Footage from the scene of the attack broadcast on state television showed what appeared to be blast marks and blood splattered across a wall next to the wreckage of a car.
Such attacks are rare in Damascus, a stronghold of the government of President Bashar al-Assad which has been fighting rebels in Syria for nearly six years.
Later an AFP correspondent heard several explosions and saw a large fire inside the Mazzeh military airport, with smoke visible across the capital.
State news agency SANA said the facility had been bombed and that ambulances were rushing towards the scene.

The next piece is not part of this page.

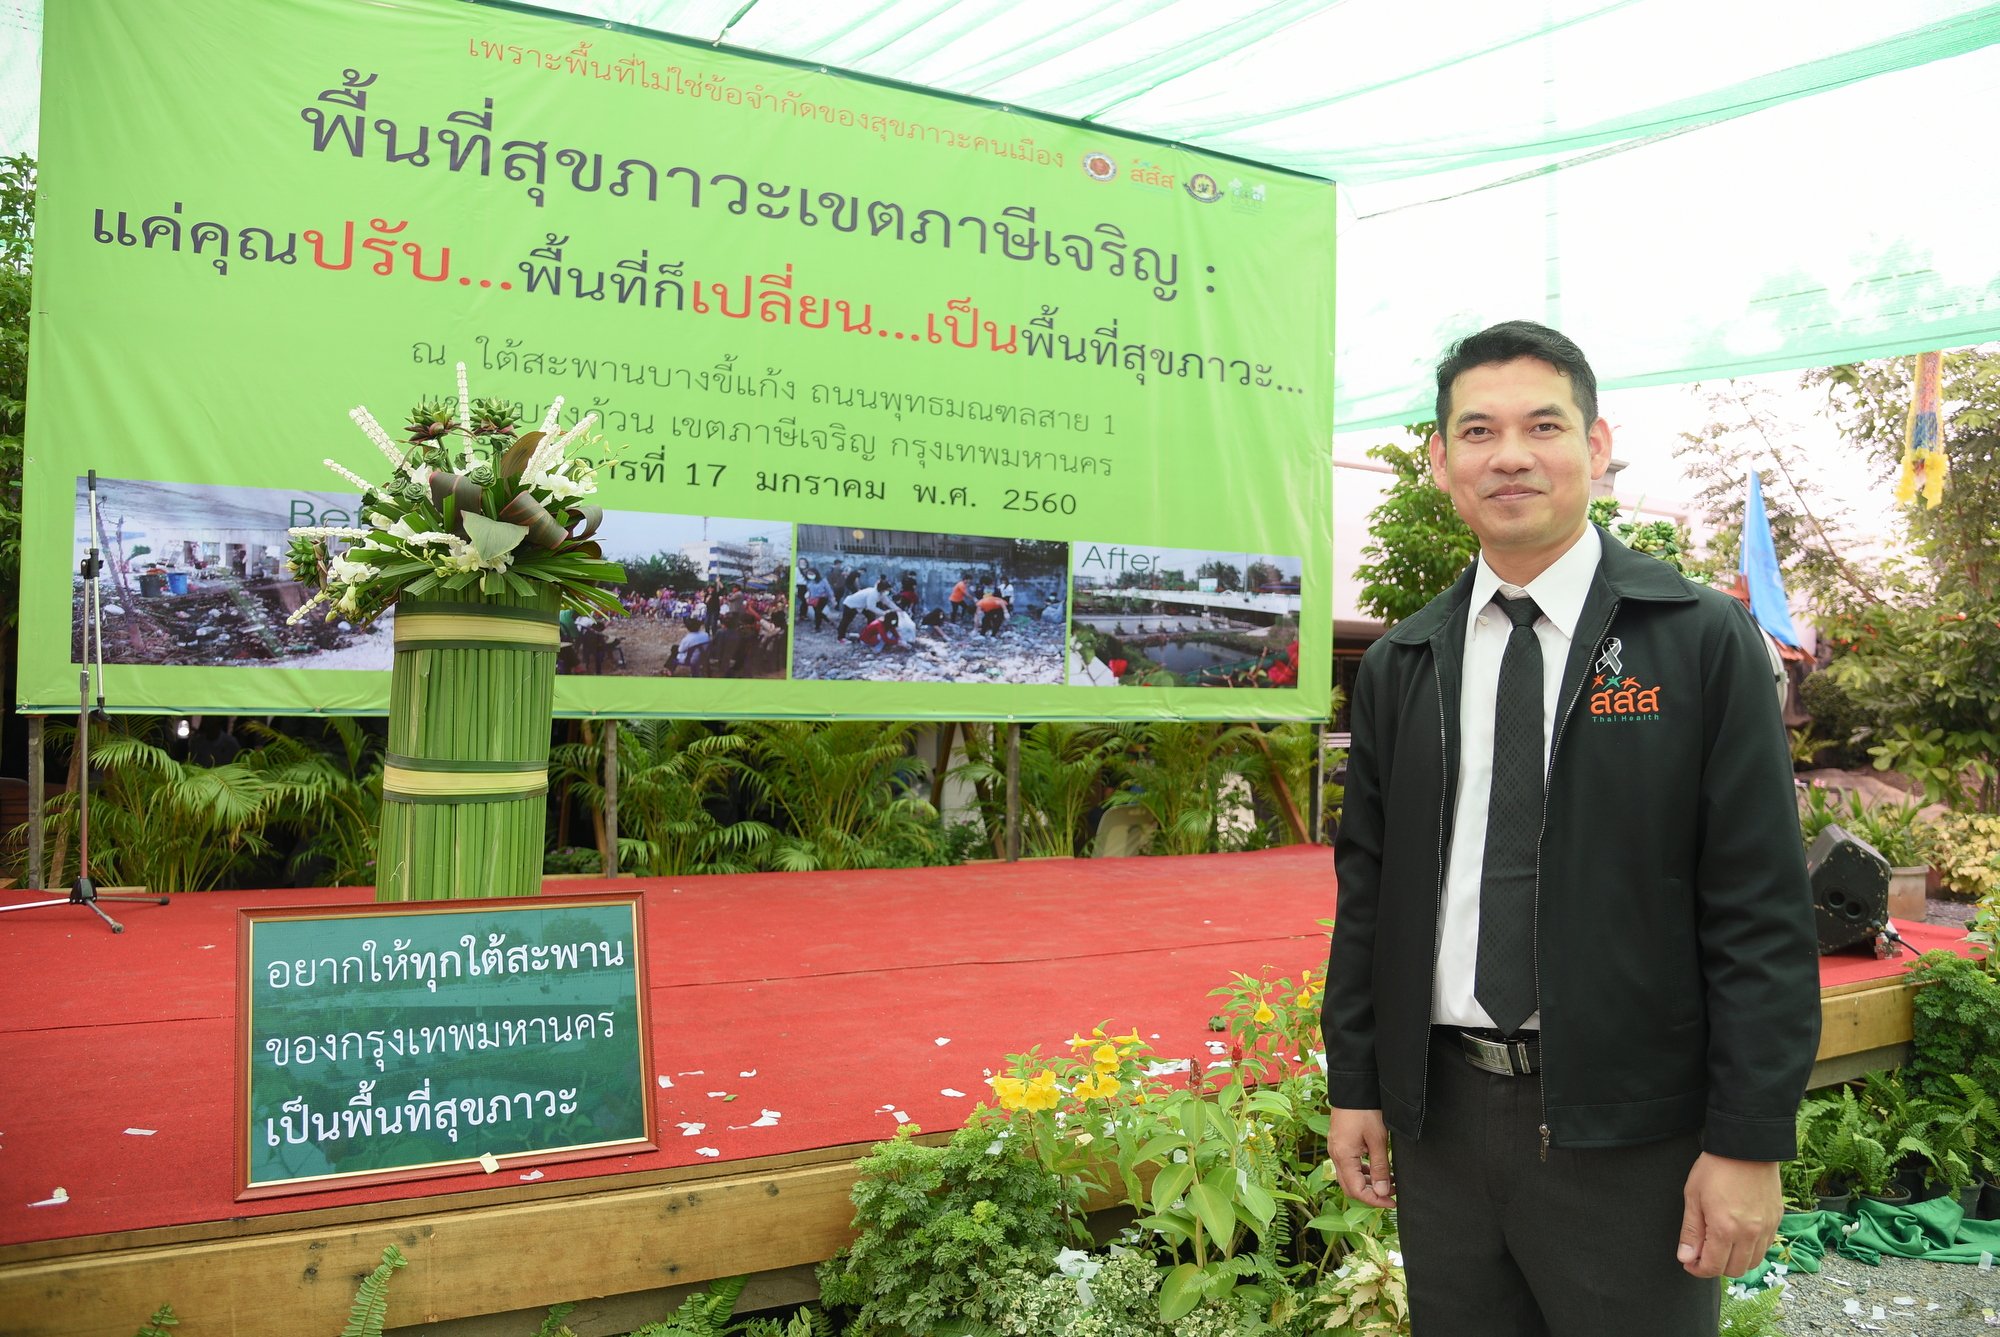 เขตภาษีเจริญ เปลี่ยนพื้นที่รกร้างเป็นพื้นที่สุขภาวะ thaihealth

Syrian sources have reported several Israeli air strikes in the course of the civil war, including in the Mazzeh area. The Israeli army had no comment on the report when contacted by AFP.
Water crisis in Damascus
Ankara in December hosted weeks of secret talks between Russian representatives and the Syrian opposition, in a bid to ensure Turkey had a say in its neighbour's postwar future.
Turkish President Recep Tayyip Erdogan hailed the ceasefire agreement that followed as a "historic opportunity", but the US State Department was more circumspect, calling it "a positive development".
Russia and Turkey on Thursday also agreed to coordinate attacks on "terrorist targets" in Syria, Moscow's defence ministry said, following a meeting on cooperation in the fight against Islamic State militants.
Meanwhile talks were taking place in Moscow and Ankara to help end the water crisis affecting millions in Damascus, the UN's Syria envoy Staffan de Mistura said.
Fighting in the Wadi Barada region near Syria's capital has damaged water infrastructure and left some 5.5 million people in the capital and its suburbs facing shortages, according to the UN.
Syria's government accuses rebels in Wadi Barada of deliberately cutting water to the capital, but the rebels say regime strikes damaged pumping facilities.
Violent clashes were underway there Thursday between pro-government troops and fighters from the Lebanese Hezbollah group and rebel forces, the Observatory said.
On Thursday the US also announced sanctions against 18 senior Syrian military officers and officials over the use of chemical weapons against three villages in northern Syria in 2014 and 2015.